- Associated Press - Thursday, July 9, 2015

CARBONDALE, Ill. (AP) - School just ended and the children are already bored.

So, how about a trip to the library?

Many libraries offer summer reading programs for children. The programs offer incentives for reading, and some have a full lineup of programs and activities to go along with a theme. This year’s state summer reading program theme is “Read to the Rhythm.”

Loretta Broomfield, director of Sallie Logan Public Library in Murphysboro, said children have access to libraries and books during the school year in their classrooms and schools. Summer reading programs give children access to books during the months when school is not in session to keep reading skills sharp.

“And it’s fun, too,” Broomfield said.

Debby Appleton, program director at Benton Public Library, said summer reading programs give children a chance to read something new.

“They are no longer required to read every day because school is out. Reading during the summer keeps them in the habit of reading,” Appleton said. “You come into the library and find a new genre or topic for summer reading.”

Registration will begin Monday for the summer reading program at Sallie Logan Public Library, which is following the state theme.

“Last year, we only did programming for the youngest age group. This year, we will be doing programming for children through eighth grade,” Broomfield said. “Sherry Carlock is busy planning activities for children of all ages, including guest speakers, musical activities and special games.”

Broomfield said details for the programs are not quite set. Plans also are under way for several adult programs that are a continuation of the craft classes offered at the library during the past school year.

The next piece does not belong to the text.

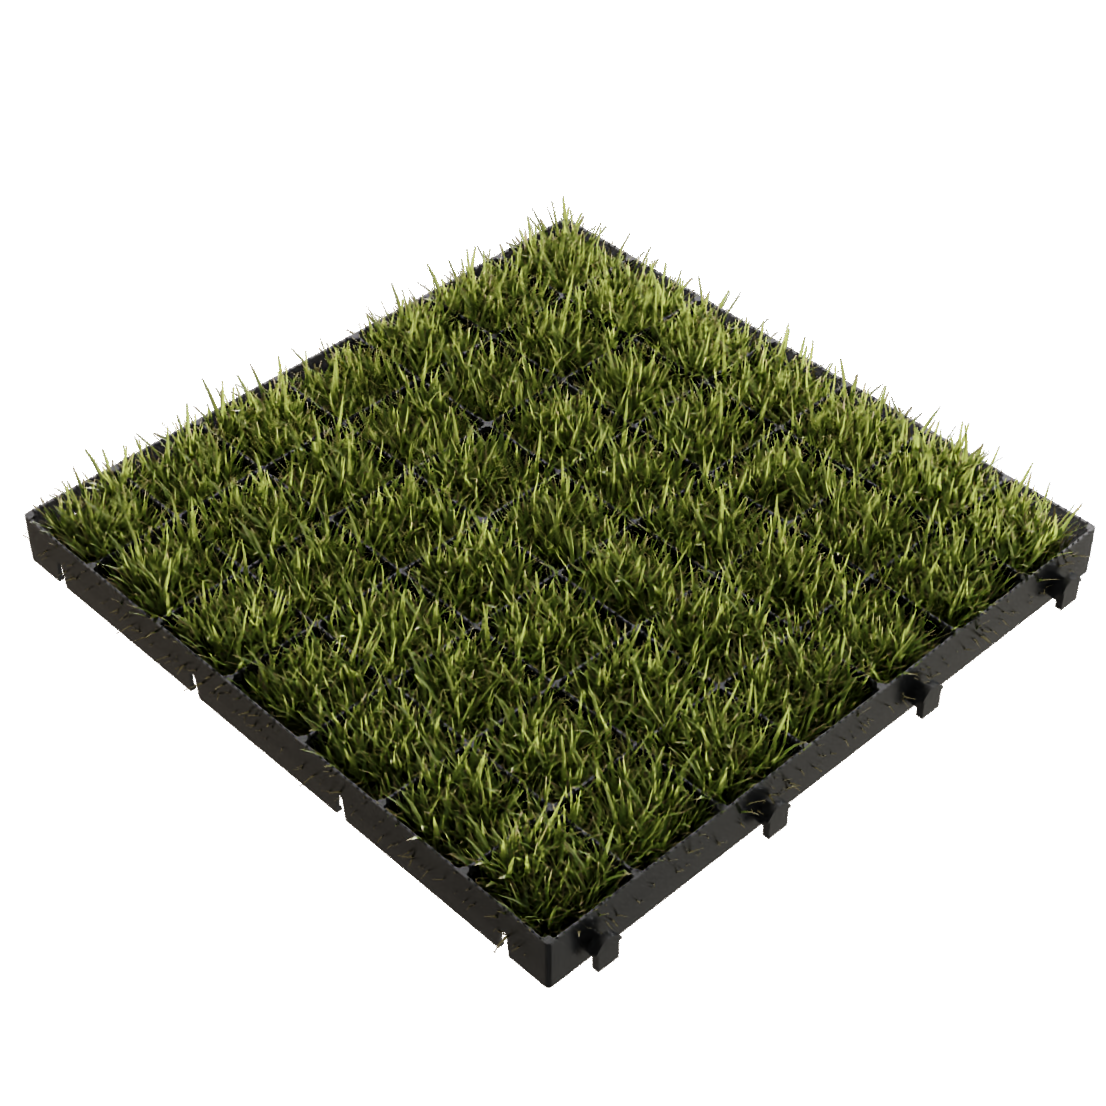 Grass pavers

Benton also will use the state theme “Read to the Rhythm,” but Appleton said she is taking it in her own direction. Some of the topics will be “Red Solo Cup,” ”Singing in the Rain,” ”Rock ‘n’ Roll” and “didgeridoo and Some Fun, Too.”

Margaret Nesbit, one of the founders of I Can Read! of Southern Illinois, said it’s important to keep children’s minds busy because idle minds get into trouble.

“I think it’s very important for children to have a good place to go in the summer, especially the library. It’s a good environment, a learning environment,” said Susan Stickel, director of Benton Public Library.